Grok-1 Project Description

What is the project about?

The project provides example code in JAX for loading and running the Grok-1 open-weights large language model.

What problem does it solve?

It allows users to test and experiment with the Grok-1 model, a large language model with 314 billion parameters. It provides a starting point for utilizing the model's weights.

What are the features of the project?

Loads and runs the Grok-1 model.
Samples from the model on a test input.
Mixture of 8 Experts (MoE) architecture.
Utilizes 2 experts per token.
64 Layers.
48 attention heads for queries, 8 for keys/values.
Embedding size of 6,144.
SentencePiece tokenizer with 131,072 tokens.
Rotary embeddings (RoPE).
Supports activation sharding and 8-bit quantization.
Maximum sequence length (context) of 8,192 tokens.

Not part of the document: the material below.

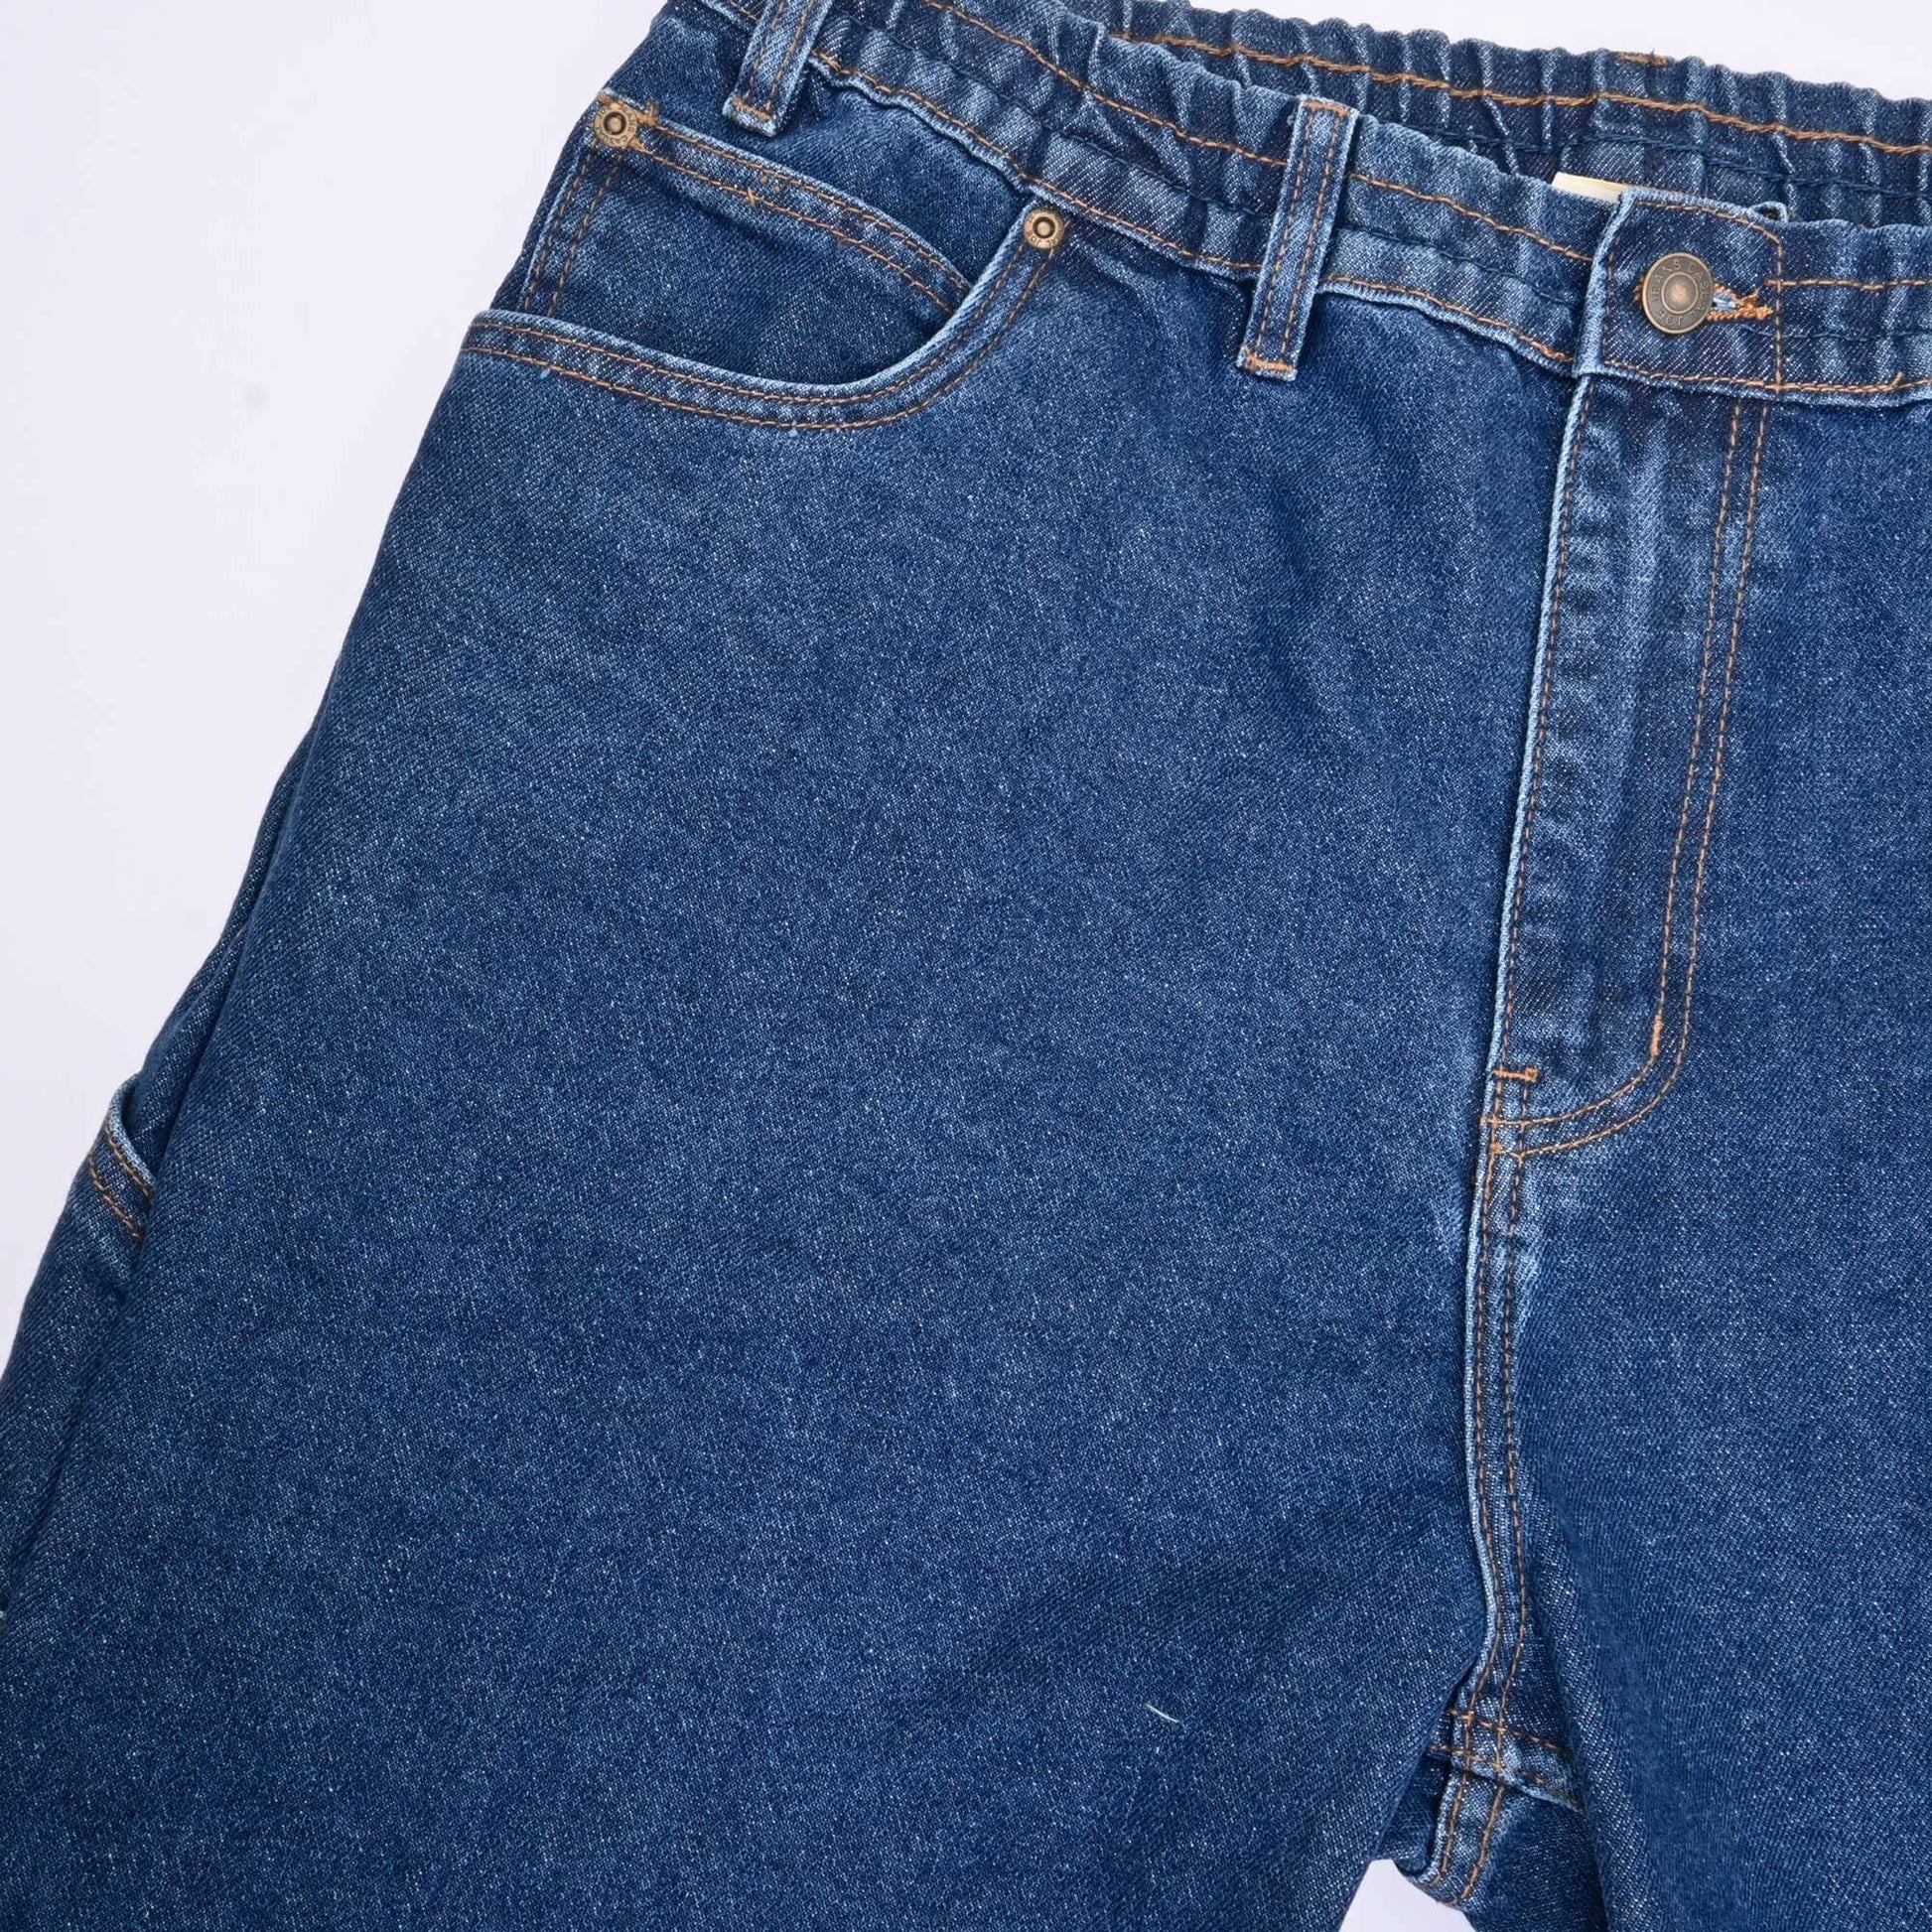 Haband Joe Men's Regular Fit Denim Pants - Authentic Style & Comfort Men's Denim SNR

What are the technologies used in the project?

JAX
Python
SentencePiece (for tokenization)
Torrent or HuggingFace Hub (for downloading weights)

What are the benefits of the project?

Provides access to the open-weights Grok-1 model.
Allows for experimentation and validation of the model.
Open-source (Apache 2.0 license).

What are the use cases of the project?

Testing and validating the Grok-1 model.
Research and development using the Grok-1 architecture.
Potentially building applications on top of Grok-1 (though the provided implementation is not optimized for performance).
Experimenting with large language models.